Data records
------------------------------
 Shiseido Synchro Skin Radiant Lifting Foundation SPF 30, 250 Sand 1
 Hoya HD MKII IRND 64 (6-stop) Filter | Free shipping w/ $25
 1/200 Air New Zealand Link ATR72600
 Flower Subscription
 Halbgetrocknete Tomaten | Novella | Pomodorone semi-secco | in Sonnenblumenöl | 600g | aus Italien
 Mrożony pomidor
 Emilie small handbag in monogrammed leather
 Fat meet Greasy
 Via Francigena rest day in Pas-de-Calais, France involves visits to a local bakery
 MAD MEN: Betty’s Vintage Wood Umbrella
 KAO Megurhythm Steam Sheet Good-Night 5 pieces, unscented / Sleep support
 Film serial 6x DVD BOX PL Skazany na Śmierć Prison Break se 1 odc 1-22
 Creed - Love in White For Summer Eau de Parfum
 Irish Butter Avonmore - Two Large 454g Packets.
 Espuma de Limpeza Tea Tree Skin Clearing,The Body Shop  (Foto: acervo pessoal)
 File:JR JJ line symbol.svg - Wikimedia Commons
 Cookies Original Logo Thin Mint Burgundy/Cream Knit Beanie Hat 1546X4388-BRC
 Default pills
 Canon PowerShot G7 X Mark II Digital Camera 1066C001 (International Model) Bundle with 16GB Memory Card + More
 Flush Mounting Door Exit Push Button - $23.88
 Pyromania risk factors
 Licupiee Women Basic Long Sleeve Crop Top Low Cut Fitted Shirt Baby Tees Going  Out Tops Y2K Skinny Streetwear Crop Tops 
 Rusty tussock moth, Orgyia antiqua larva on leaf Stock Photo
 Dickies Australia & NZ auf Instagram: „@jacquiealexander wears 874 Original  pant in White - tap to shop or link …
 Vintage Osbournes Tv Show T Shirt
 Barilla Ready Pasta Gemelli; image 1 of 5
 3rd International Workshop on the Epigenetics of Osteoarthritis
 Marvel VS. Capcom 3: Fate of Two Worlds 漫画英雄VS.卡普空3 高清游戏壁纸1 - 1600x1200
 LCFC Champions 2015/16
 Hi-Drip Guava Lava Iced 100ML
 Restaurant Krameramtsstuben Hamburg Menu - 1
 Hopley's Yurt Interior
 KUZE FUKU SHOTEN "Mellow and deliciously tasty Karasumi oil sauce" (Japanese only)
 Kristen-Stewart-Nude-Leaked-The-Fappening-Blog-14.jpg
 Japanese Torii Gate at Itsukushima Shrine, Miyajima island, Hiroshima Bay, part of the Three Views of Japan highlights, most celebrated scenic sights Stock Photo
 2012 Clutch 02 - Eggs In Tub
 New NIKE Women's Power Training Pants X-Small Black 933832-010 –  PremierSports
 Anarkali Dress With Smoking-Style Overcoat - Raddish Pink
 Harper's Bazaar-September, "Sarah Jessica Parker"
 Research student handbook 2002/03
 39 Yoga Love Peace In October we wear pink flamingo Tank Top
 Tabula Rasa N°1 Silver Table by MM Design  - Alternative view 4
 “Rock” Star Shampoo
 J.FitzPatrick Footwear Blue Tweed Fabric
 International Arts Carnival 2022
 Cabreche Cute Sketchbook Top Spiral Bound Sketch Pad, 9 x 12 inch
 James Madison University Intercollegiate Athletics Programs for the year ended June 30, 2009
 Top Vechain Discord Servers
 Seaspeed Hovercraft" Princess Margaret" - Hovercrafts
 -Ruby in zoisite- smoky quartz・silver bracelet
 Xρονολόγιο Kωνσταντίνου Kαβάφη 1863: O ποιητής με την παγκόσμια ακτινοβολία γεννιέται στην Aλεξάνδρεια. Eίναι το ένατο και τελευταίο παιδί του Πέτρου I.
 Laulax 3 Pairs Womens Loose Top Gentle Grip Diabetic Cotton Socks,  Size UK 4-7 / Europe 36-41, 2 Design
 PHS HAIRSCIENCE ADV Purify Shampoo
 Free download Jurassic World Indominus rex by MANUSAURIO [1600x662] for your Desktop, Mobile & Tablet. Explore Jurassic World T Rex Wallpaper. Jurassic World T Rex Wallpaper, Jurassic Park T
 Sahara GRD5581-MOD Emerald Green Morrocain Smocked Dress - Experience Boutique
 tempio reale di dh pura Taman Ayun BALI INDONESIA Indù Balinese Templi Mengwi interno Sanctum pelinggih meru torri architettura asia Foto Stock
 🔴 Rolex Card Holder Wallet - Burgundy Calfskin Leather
------------------------------
- _PROBLEM STATEMENT_: Every line above from the line with "Mrożony pomidor" to the line with "Creed - Love", inclusive, must be returned exactly; no other line belongs in the reply.

- _YOUR SOLUTION_:
 Mrożony pomidor
 Emilie small handbag in monogrammed leather
 Fat meet Greasy
 Via Francigena rest day in Pas-de-Calais, France involves visits to a local bakery
 MAD MEN: Betty’s Vintage Wood Umbrella
 KAO Megurhythm Steam Sheet Good-Night 5 pieces, unscented / Sleep support
 Film serial 6x DVD BOX PL Skazany na Śmierć Prison Break se 1 odc 1-22
 Creed - Love in White For Summer Eau de Parfum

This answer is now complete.